(Material to process)
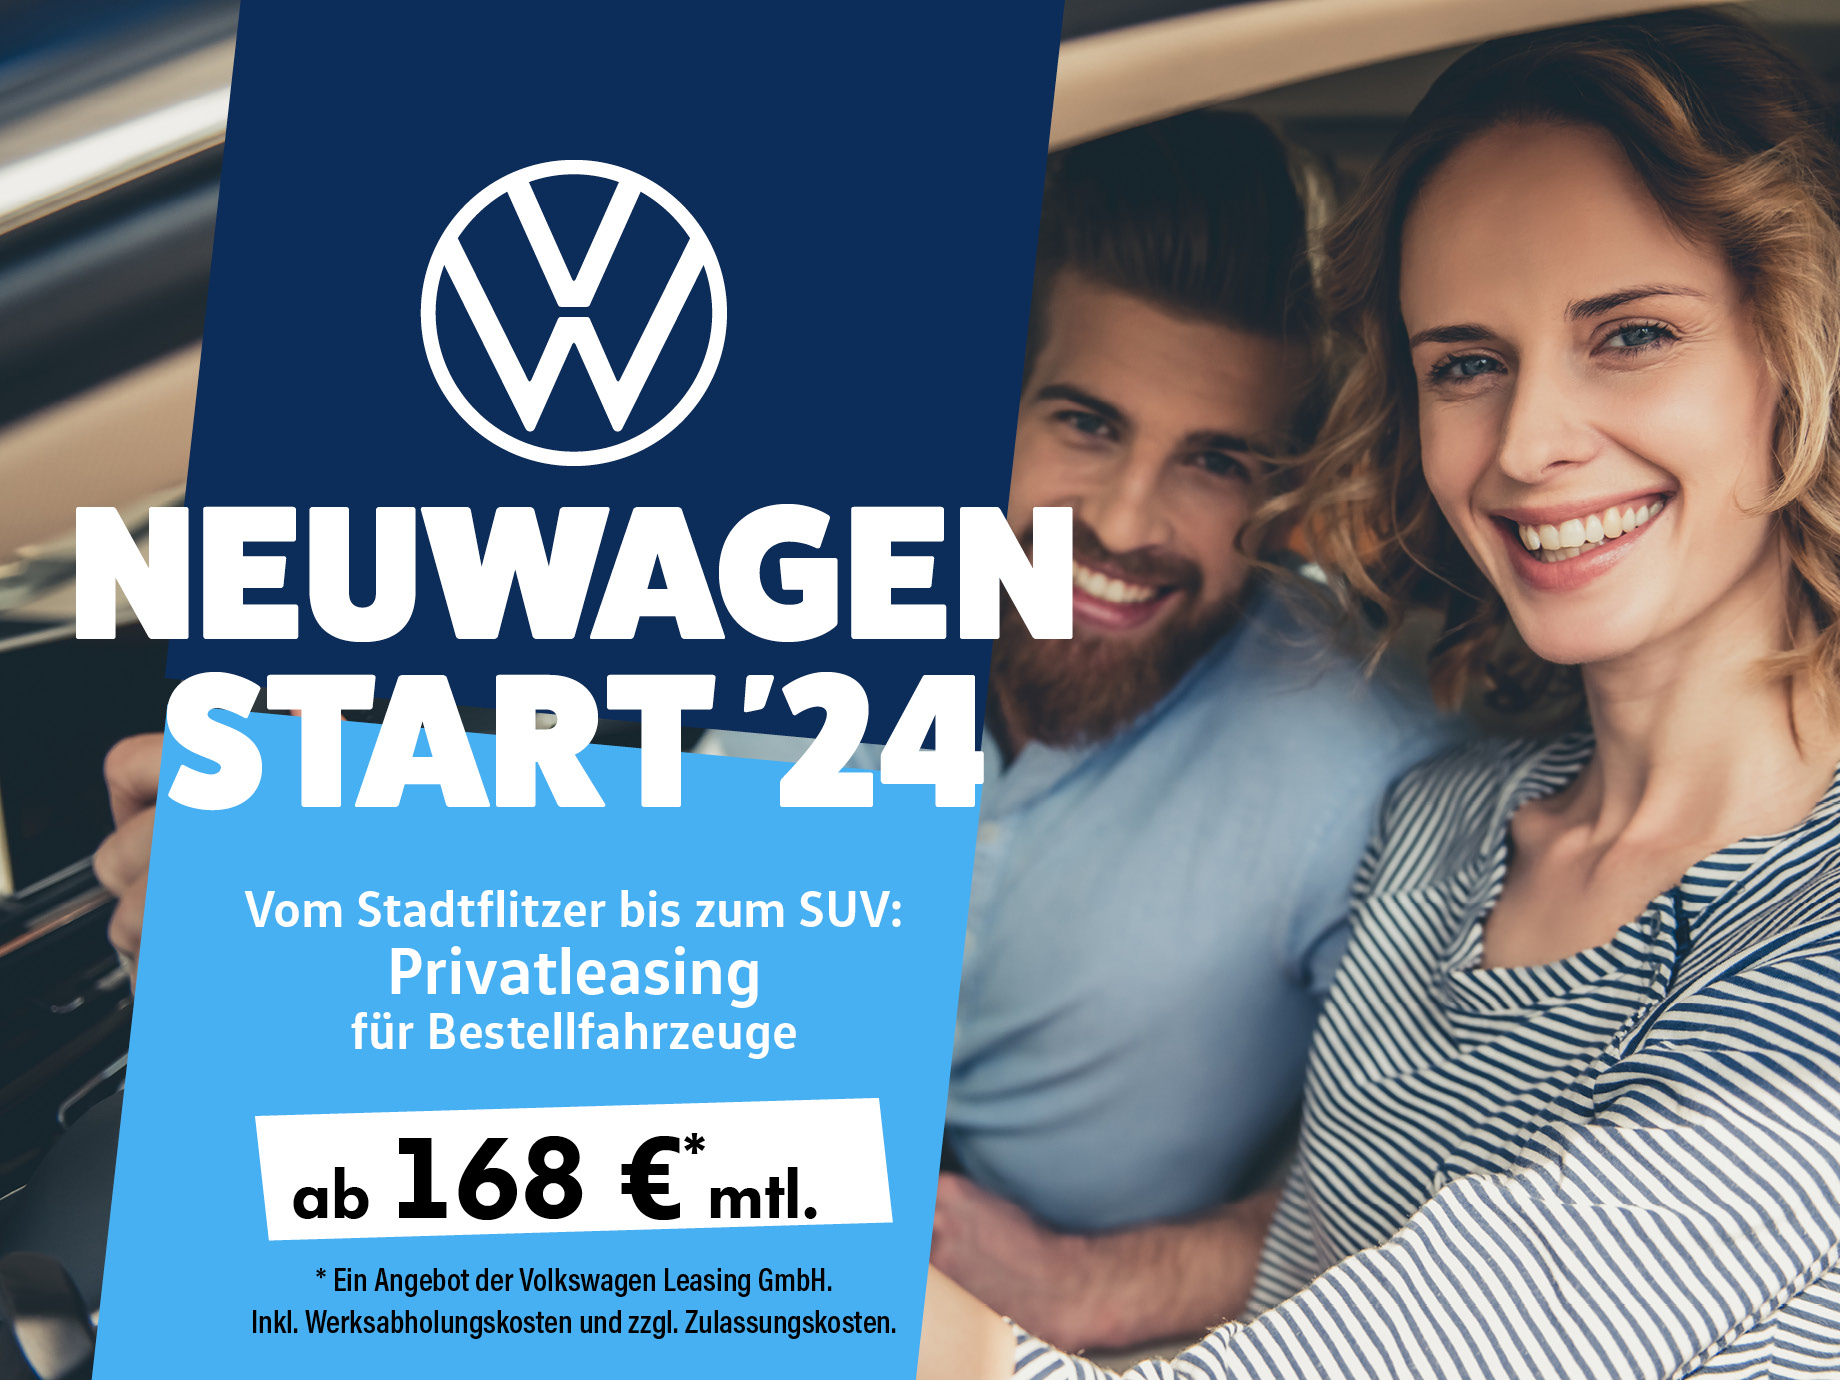 Die besten Neujahrangebote für Privatkunden finden Sie bei POTTHOFF – VW Neuwagen ab 168,- € leasen!
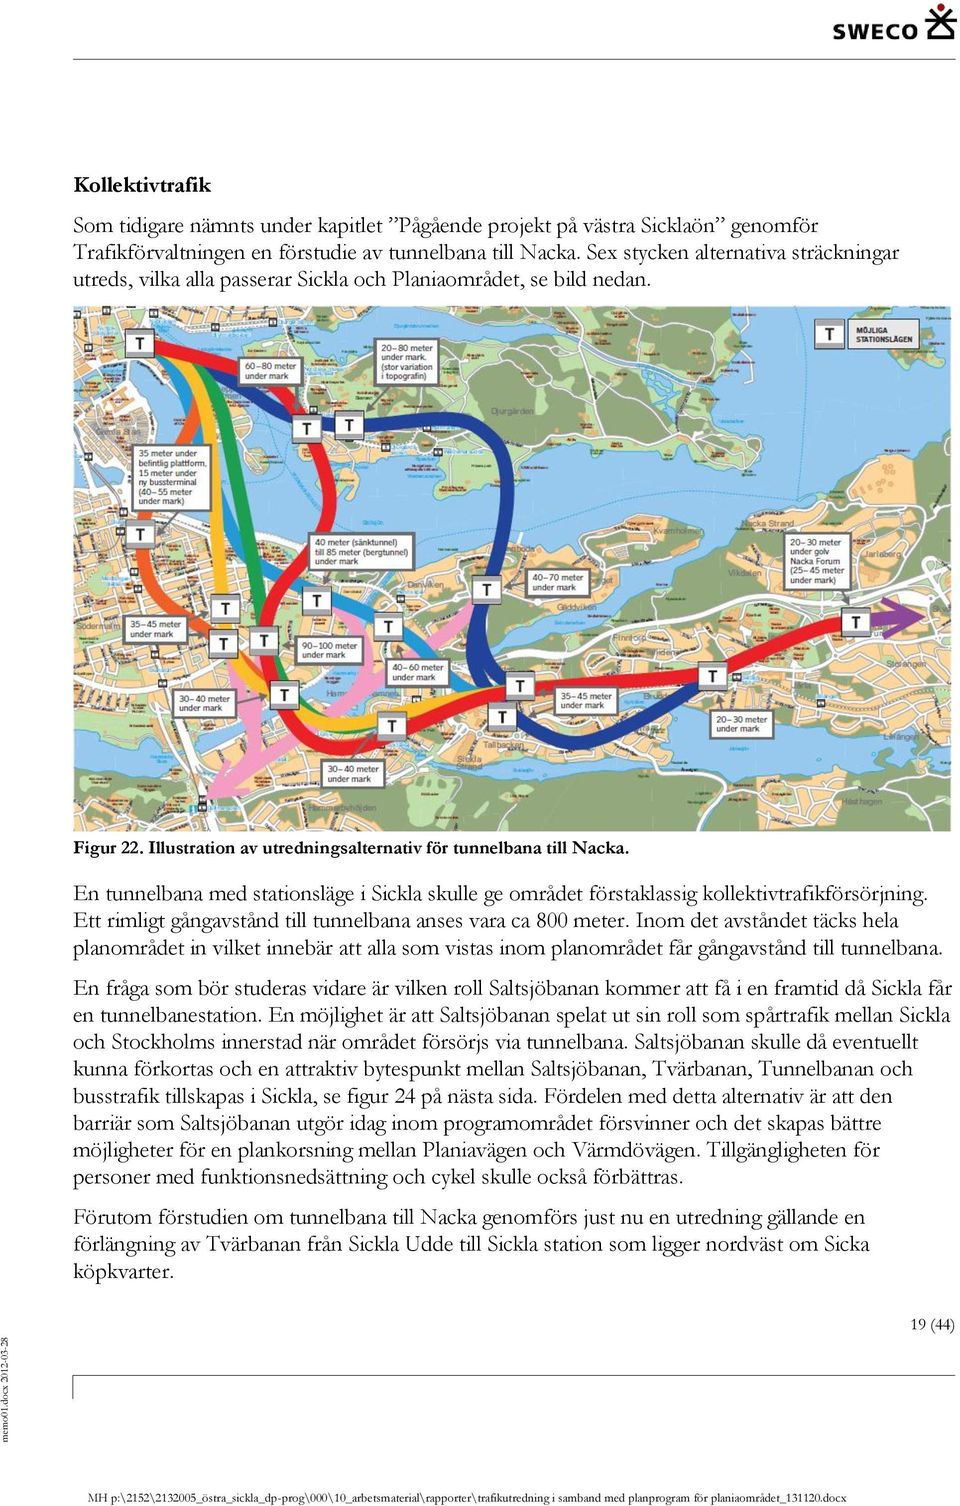 En tunnelbana med stationsläge i Sickla skulle ge området förstaklassig kollektivtrafikförsörjning. Ett rimligt gångavstånd till tunnelbana anses vara ca 800 meter.
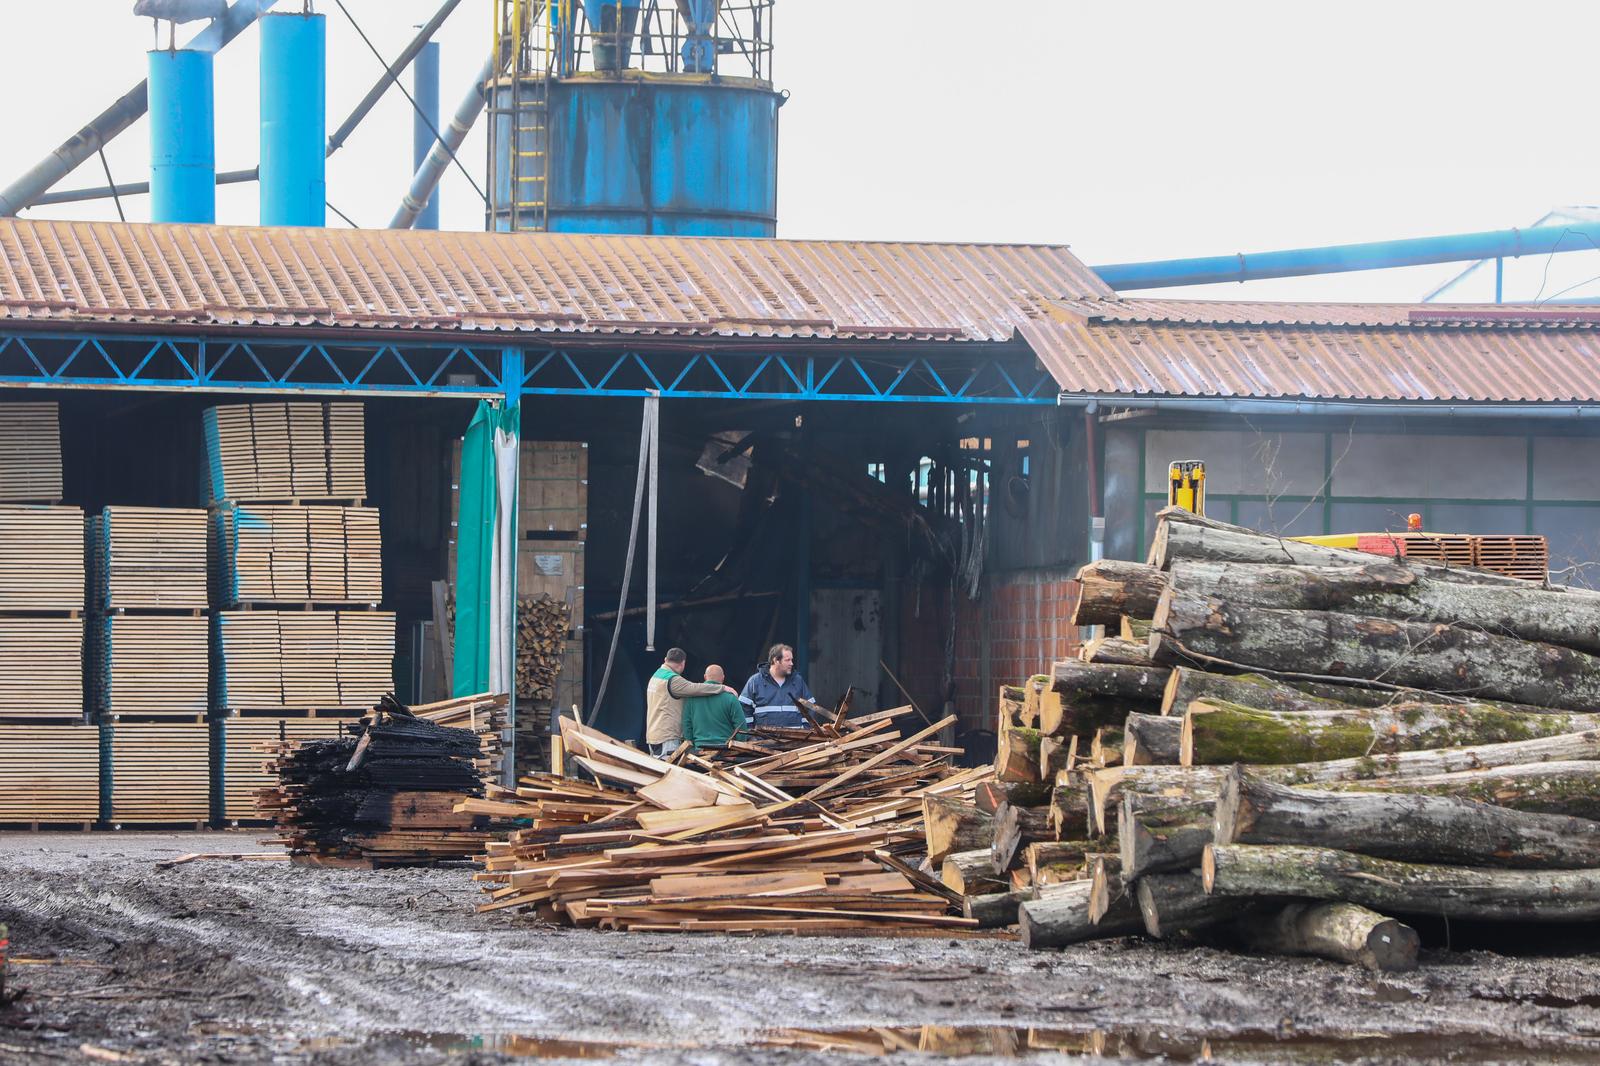 01.04.2023., Mraclin - U pozaru je izgorio pogon tvornice parketa Galekovic. Ministarstvo poljoprivrede u ponedjeljak je objavilo natječaj za dodjelu potpora male vrijednosti za poticanje razvoja poduzetnika koji obavljaju djelatnosti prerade drva i proizvodnje namještaja na području RH za 2023. godinu, vrijedan ukupno 3,98 milijuna eura.

Dodjeljivat će se bespovratna namjenska sredstva potpora male vrijednosti za ulaganje u proizvodnu tehnologiju i postrojenja, proizvodno-poslovni objekt, informacijsku i komunikacijsku tehnologiju i promotivne aktivnosti.

Intenzitet potpore je 70 posto od ukupno prihvatljivog troška, a najviši iznos po korisniku je sto tisuća eura za ulaganje u proizvodnu tehnologiju i postrojenja te proizvodno-poslovni objekt te 30 tisuća eura za ulaganje u informacijsku i komunikacijsku tehnologiju i 50 tisuća za promotivne aktivnosti.

Gornja granica potpore male vrijednosti koja se dodjeljuje jednom poduzetniku ne smije prelaziti dvjesto tisuća eura u tekućoj te tijekom prethodne dvije fiskalne godine.

Rok za podnošenje prijave počinje teći 1. lipnja i traje do 20. lipnja u 10 sati.

(Task to complete) What is needed is a word-for-word restatement of the entries, minus any pictures.

(Solution to this problem)
 Die besten Neujahrangebote für Privatkunden finden Sie bei POTTHOFF – VW Neuwagen ab 168,- € leasen!
 En tunnelbana med stationsläge i Sickla skulle ge området förstaklassig kollektivtrafikförsörjning. Ett rimligt gångavstånd till tunnelbana anses vara ca 800 meter.
 01.04.2023., Mraclin - U pozaru je izgorio pogon tvornice parketa Galekovic. Ministarstvo poljoprivrede u ponedjeljak je objavilo natječaj za dodjelu potpora male vrijednosti za poticanje razvoja poduzetnika koji obavljaju djelatnosti prerade drva i proizvodnje namještaja na području RH za 2023. godinu, vrijedan ukupno 3,98 milijuna eura.

Dodjeljivat će se bespovratna namjenska sredstva potpora male vrijednosti za ulaganje u proizvodnu tehnologiju i postrojenja, proizvodno-poslovni objekt, informacijsku i komunikacijsku tehnologiju i promotivne aktivnosti.

Intenzitet potpore je 70 posto od ukupno prihvatljivog troška, a najviši iznos po korisniku je sto tisuća eura za ulaganje u proizvodnu tehnologiju i postrojenja te proizvodno-poslovni objekt te 30 tisuća eura za ulaganje u informacijsku i komunikacijsku tehnologiju i 50 tisuća za promotivne aktivnosti.

Gornja granica potpore male vrijednosti koja se dodjeljuje jednom poduzetniku ne smije prelaziti dvjesto tisuća eura u tekućoj te tijekom prethodne dvije fiskalne godine.

Rok za podnošenje prijave počinje teći 1. lipnja i traje do 20. lipnja u 10 sati.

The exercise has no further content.